-- THE DATA --
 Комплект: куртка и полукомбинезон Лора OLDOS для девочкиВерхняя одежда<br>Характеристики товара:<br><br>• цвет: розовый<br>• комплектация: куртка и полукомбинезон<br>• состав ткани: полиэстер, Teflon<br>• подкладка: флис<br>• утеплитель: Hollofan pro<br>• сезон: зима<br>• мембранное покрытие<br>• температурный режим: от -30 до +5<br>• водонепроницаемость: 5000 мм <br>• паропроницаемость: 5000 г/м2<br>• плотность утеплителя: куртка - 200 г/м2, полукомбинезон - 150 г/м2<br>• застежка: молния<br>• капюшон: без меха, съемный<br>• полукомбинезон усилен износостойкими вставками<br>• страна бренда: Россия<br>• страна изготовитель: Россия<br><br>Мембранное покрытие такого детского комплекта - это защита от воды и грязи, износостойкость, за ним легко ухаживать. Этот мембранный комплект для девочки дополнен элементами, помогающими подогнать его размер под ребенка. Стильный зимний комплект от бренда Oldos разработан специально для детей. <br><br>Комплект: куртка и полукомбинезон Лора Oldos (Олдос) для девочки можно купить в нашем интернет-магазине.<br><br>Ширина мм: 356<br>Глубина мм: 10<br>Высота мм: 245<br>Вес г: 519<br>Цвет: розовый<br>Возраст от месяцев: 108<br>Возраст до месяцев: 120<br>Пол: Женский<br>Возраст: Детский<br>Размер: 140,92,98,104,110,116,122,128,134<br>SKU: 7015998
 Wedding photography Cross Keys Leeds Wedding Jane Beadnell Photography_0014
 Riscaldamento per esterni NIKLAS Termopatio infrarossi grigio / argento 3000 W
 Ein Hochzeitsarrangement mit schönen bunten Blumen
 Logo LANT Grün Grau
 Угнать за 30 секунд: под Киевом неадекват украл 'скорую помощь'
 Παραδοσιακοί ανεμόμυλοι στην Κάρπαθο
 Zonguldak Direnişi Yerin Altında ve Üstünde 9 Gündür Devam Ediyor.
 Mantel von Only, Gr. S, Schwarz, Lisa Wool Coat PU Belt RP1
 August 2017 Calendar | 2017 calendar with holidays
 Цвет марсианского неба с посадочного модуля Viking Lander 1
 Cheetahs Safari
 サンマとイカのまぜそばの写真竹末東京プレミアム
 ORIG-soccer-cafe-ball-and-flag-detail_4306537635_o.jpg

-- DESCRIPTION OF THE TASK --
Write each line of the data above out again without altering a word.

-- PROBLEM SOLUTION --
 Комплект: куртка и полукомбинезон Лора OLDOS для девочкиВерхняя одежда<br>Характеристики товара:<br><br>• цвет: розовый<br>• комплектация: куртка и полукомбинезон<br>• состав ткани: полиэстер, Teflon<br>• подкладка: флис<br>• утеплитель: Hollofan pro<br>• сезон: зима<br>• мембранное покрытие<br>• температурный режим: от -30 до +5<br>• водонепроницаемость: 5000 мм <br>• паропроницаемость: 5000 г/м2<br>• плотность утеплителя: куртка - 200 г/м2, полукомбинезон - 150 г/м2<br>• застежка: молния<br>• капюшон: без меха, съемный<br>• полукомбинезон усилен износостойкими вставками<br>• страна бренда: Россия<br>• страна изготовитель: Россия<br><br>Мембранное покрытие такого детского комплекта - это защита от воды и грязи, износостойкость, за ним легко ухаживать. Этот мембранный комплект для девочки дополнен элементами, помогающими подогнать его размер под ребенка. Стильный зимний комплект от бренда Oldos разработан специально для детей. <br><br>Комплект: куртка и полукомбинезон Лора Oldos (Олдос) для девочки можно купить в нашем интернет-магазине.<br><br>Ширина мм: 356<br>Глубина мм: 10<br>Высота мм: 245<br>Вес г: 519<br>Цвет: розовый<br>Возраст от месяцев: 108<br>Возраст до месяцев: 120<br>Пол: Женский<br>Возраст: Детский<br>Размер: 140,92,98,104,110,116,122,128,134<br>SKU: 7015998
 Wedding photography Cross Keys Leeds Wedding Jane Beadnell Photography_0014
 Riscaldamento per esterni NIKLAS Termopatio infrarossi grigio / argento 3000 W
 Ein Hochzeitsarrangement mit schönen bunten Blumen
 Logo LANT Grün Grau
 Угнать за 30 секунд: под Киевом неадекват украл 'скорую помощь'
 Παραδοσιακοί ανεμόμυλοι στην Κάρπαθο
 Zonguldak Direnişi Yerin Altında ve Üstünde 9 Gündür Devam Ediyor.
 Mantel von Only, Gr. S, Schwarz, Lisa Wool Coat PU Belt RP1
 August 2017 Calendar | 2017 calendar with holidays
 Цвет марсианского неба с посадочного модуля Viking Lander 1
 Cheetahs Safari
 サンマとイカのまぜそばの写真竹末東京プレミアム
 ORIG-soccer-cafe-ball-and-flag-detail_4306537635_o.jpg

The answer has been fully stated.